Can you explain the security benefit specifically of changing the opcodes of the packets involved in the handshake? It's not clear to me. A new authentication scheme may or may not have benefits on its own, but changing the handshake message opcodes does not seem to make any difference to this.

> 
>>> No, it's different from -76, because the properties of the nonce/hash pattern are well known. The flaw with -76 is just what you describe: it's inventing new security patterns and is likely to have complicated flaws. Sticking to a well-known pattern is the right way to go.
>>>    
>> 
>> Nonce/hash is a well-known mechanism. But I do not believe there is a lot of knowledge on using it as a defense against cross-protocol attacks. Generally it is used as part of a challenge-response mechanism for authentication purposes, but authentication is not the goal here. There is no shared secret or public-private keypair involved.
>>  
> 
> Authentication is the goal here. The whole point of defeating a cross-protocol attack is authenticating both the client and the server as implementing the correct protocol. Once you've validated both sides as implementing websockets, then any attack is no longer a cross-protocol attack.
> 
> The shared "secret" is the "WebSocket" value in the hash. For server authentication, H(c-nonce, "WebSocket"), only a websocket server will ever produce that hash because on a websocket server has that "secret". SMTP cannot produce that response because it don't have that secret (and doesn't produce hashes at all, of course.)

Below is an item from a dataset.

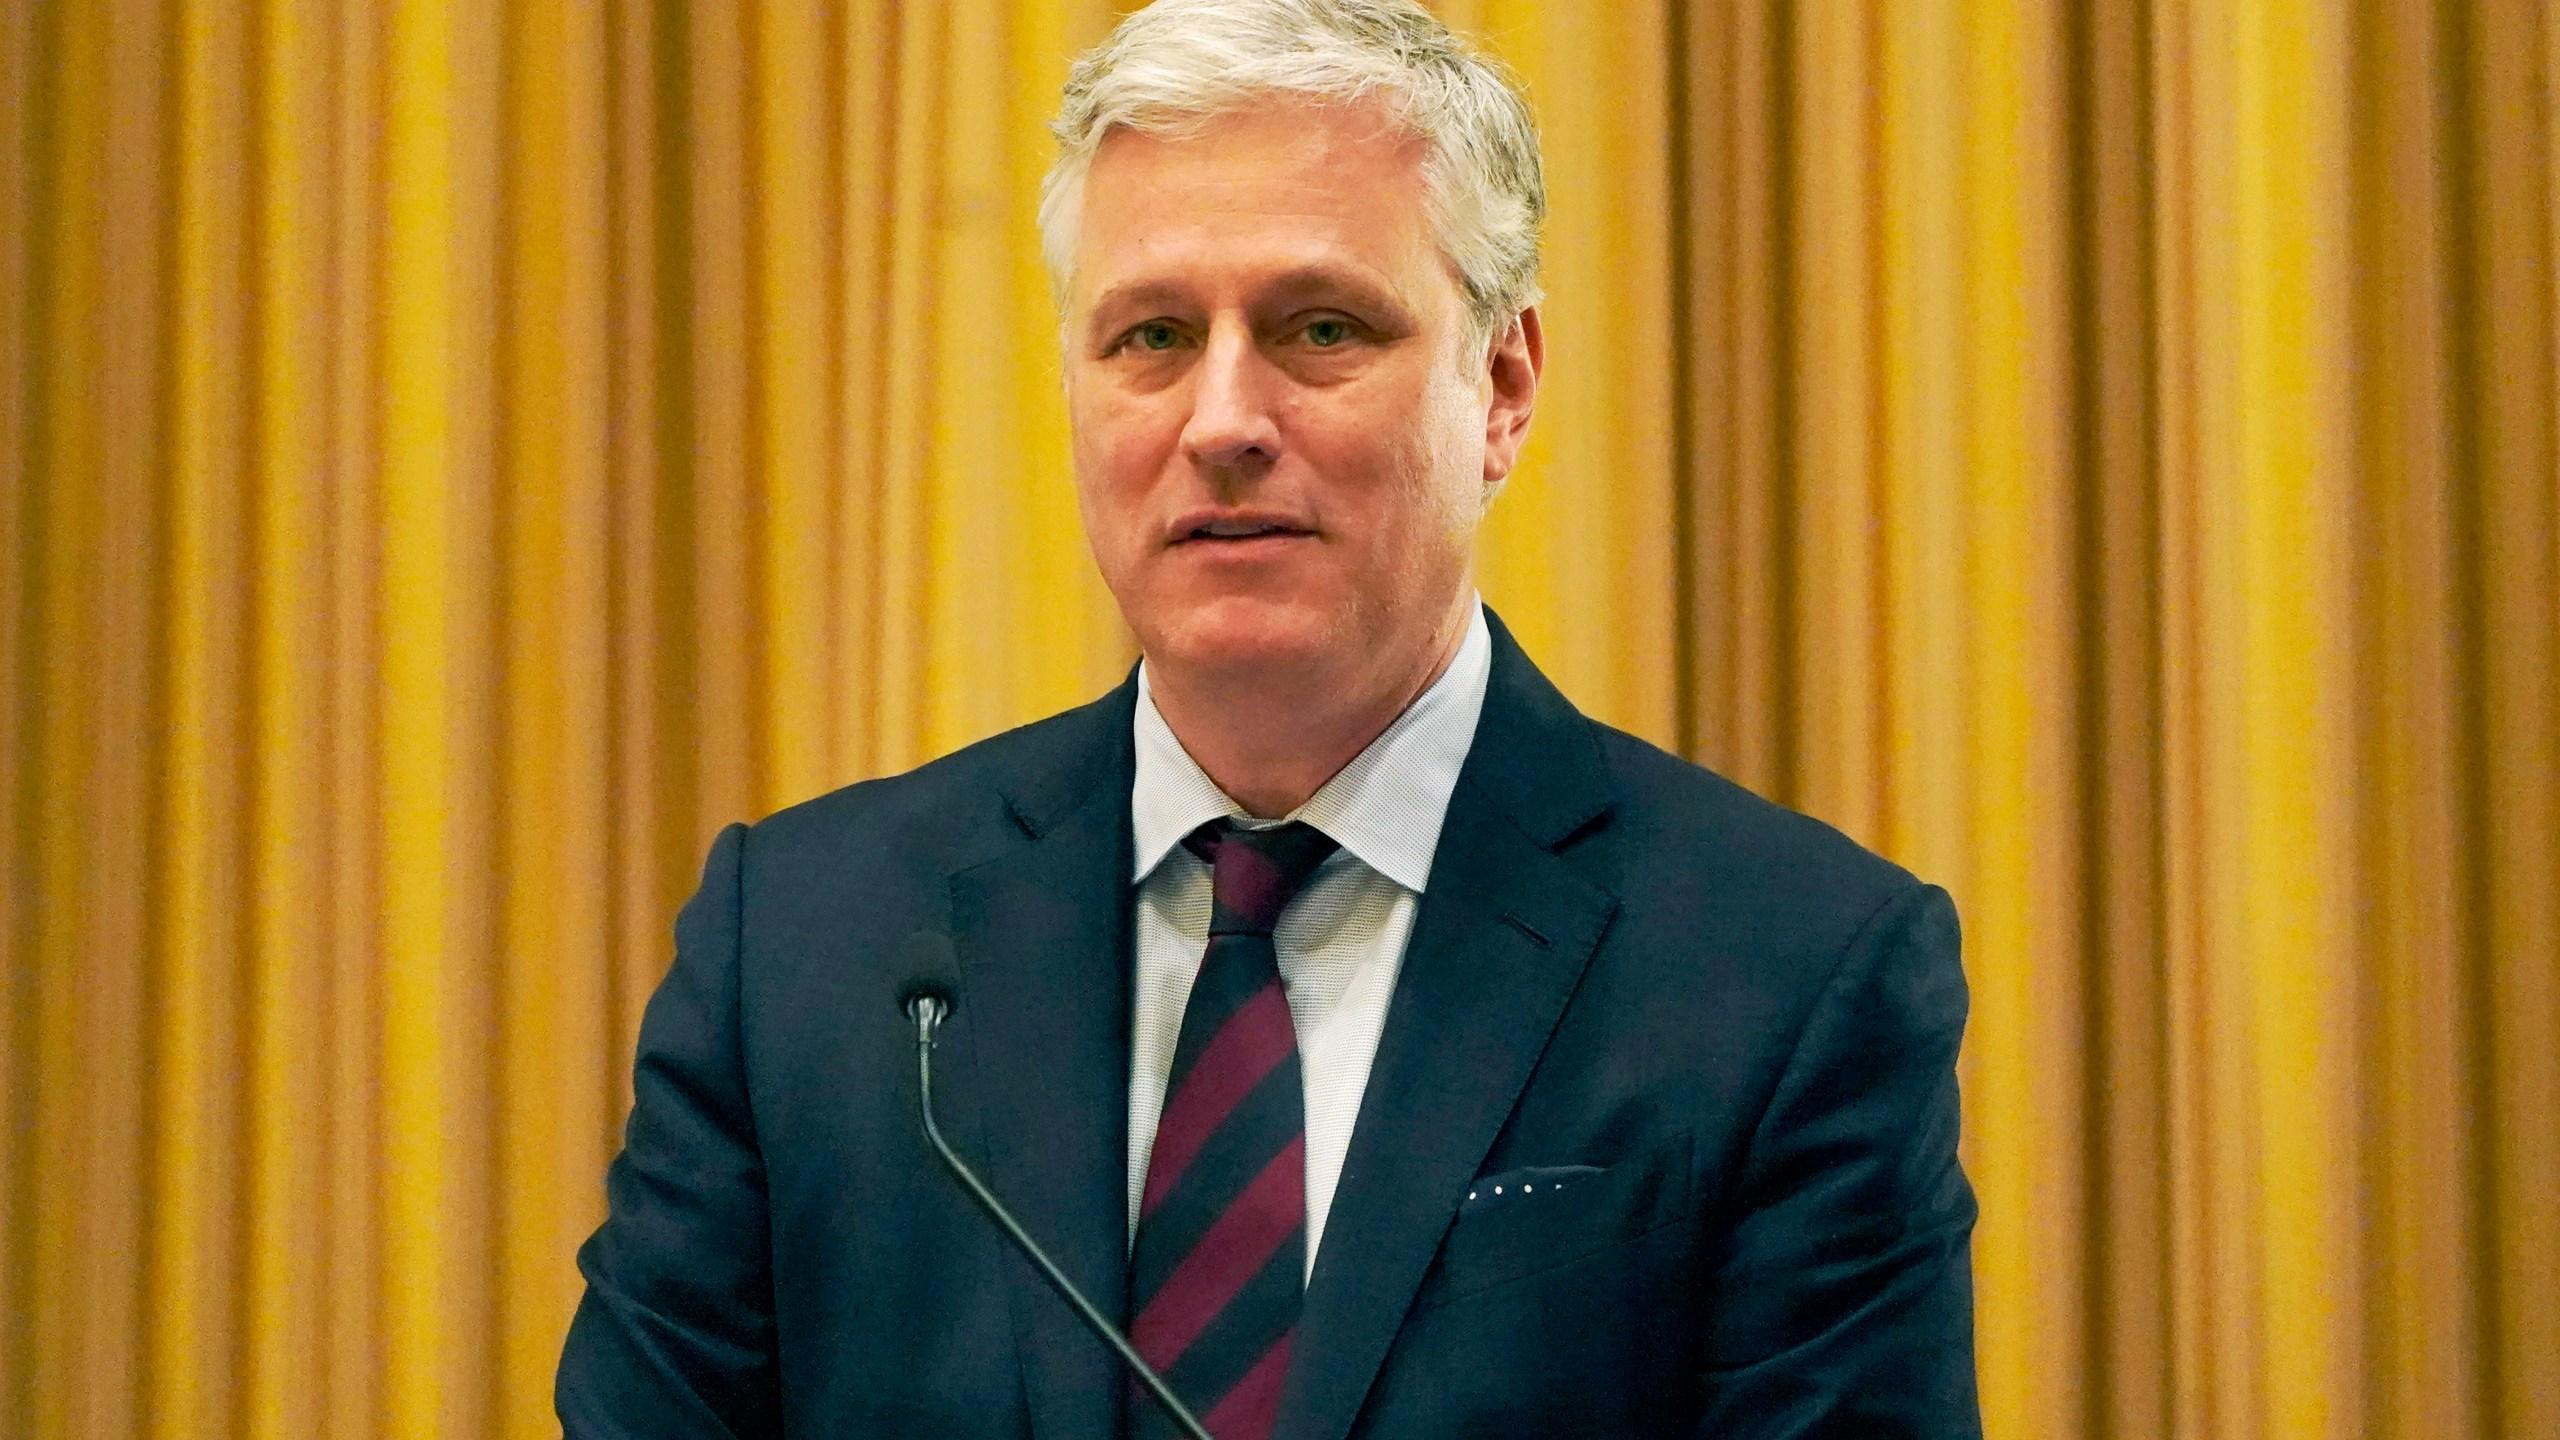 Robert O'Brien

This does not seem like a classical authentication problem to me. There is no actual secret and no actual proof of identity. Rather, the cross-protocol defense provided depends on the presumed inability of stock servers or browser-hosted client code to send or meaningfully process particular messages. For example, the security of this scheme would be largely unaffected if the hash was not cryptographically secure, which is surely not the case with actual authentication schemes. Robustness against cross-protocol attacks is simply not the same problem.